Тетя не задала мне ни одного вопроса, когда мы остались одни. В машине, когда за нами все-таки приехал водитель. По дороге на кладбище. Там.
Ни одного вопроса.
А я смотрела, как мою маму погружают в землю…
Красивый гроб из красного дуба медленно опускался в вырытую, глубокую яму. Светило солнце, играясь на нем красивыми всполохами. Забавно сложилось, и я сначала не поняла. Когда мы приехали в похоронное бюро и смотрели каталоги, которые нам предложили, меня буквально сердце потянуло именно к этому гробу. Он красивый, прочный, стильные. Она бы непременно оценила размах. Наверно, назвала бы его каким-нибудь троном в мире загробной моды, и сказала, что в нем по-любому бы хоронили королеву.
В нем и хоронили королеву, а до меня только сейчас дошло, что красное дерево все-таки действительно означает прочность союза и преодоление всех препятствий на пути. Просто кто сказал, что это обязательно должен быть союз между мужчиной и женщиной? В нем нет ничего крепкого, как показала практика. А вот связь между ребенком и матерью? Она нерушима. Это тоже забавно, согласитесь. Размышлять в подобном ключе, когда у меня в жизни складывается иначе, но как я могу думать по-другому? Если чувствую, что внутри меня что-то закончилось и изменилось навсегда. Может быть, даже умерло? Вместе с мамой…

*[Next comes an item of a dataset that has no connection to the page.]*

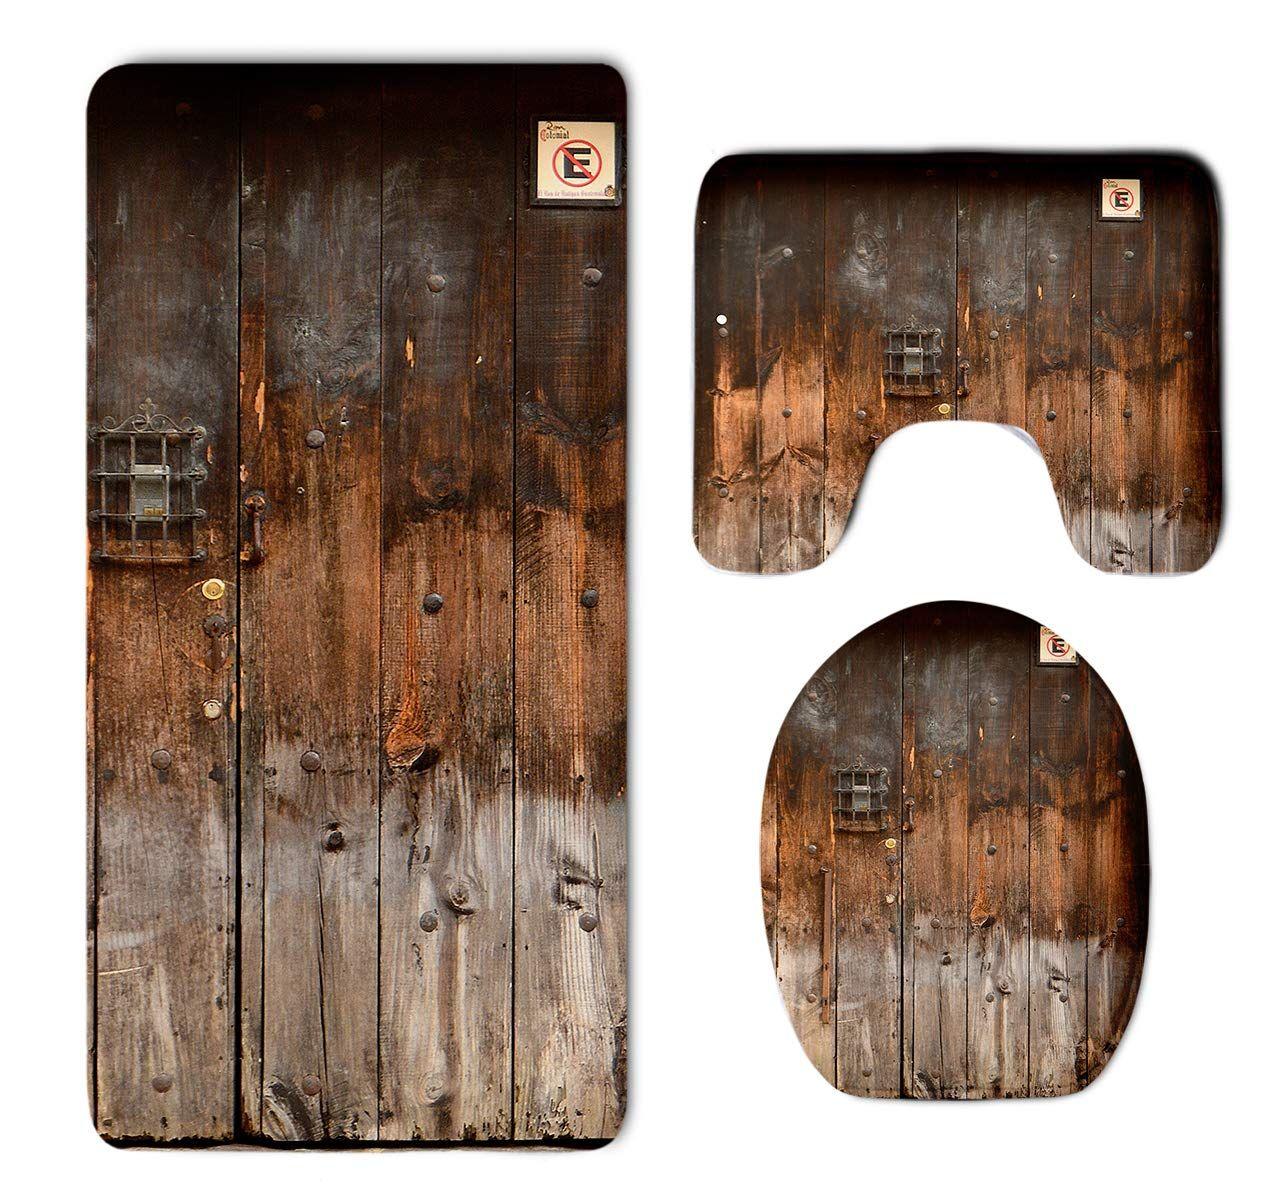 Homestores 3 Piece Bathroom Rug Set Rustic Country Wood Style Rustic Country Barn Wood Door Set Skidproof Toilet Bath Rug Bathroom Rug Sets Door Sets Bath Rug

Попрощаться с ней пришло очень много людей. Мама была заметной фигурой в мире искусства, но это было не все, что она делала. Мама считала, что ей повезло в жизни гораздо больше остальных, поэтому она много занималась благотворительностью. Теперь ее пятикомнатная квартира ломится от наплыва всех тех, кто хотел в последний раз отдать ей знак уважения, любви или поблагодарить за помощь…В просторной гостиной рядом со столом, на котором стоит ее красивая фотография – гора красных роз; тихий шепот и всхлипы разлетаются эхом. Я сижу в дальнем углу и смотрю на свои руки, а рядом тетя Лена. Она покручивает в руках бокал с красным вином и слегка улыбается, когда говорит.
– Она была бы довольна.
Слегка вздрагиваю, возвращаясь в реальность из плотного кома своих мыслей. Они сейчас с ней, но перепрыгивают на мою семью. На лица детей, мужа. Я снова и снова задаюсь вопросом: где я так облажалась? Где свернула не туда? И может быть, кому-то просто не дано быть матерью? Это ведь действительно так, раз все мои дети оказались…такими монстрами? И дело тут даже не в небрежных формулировках, а в том, что они действительно не понимают, что натворили.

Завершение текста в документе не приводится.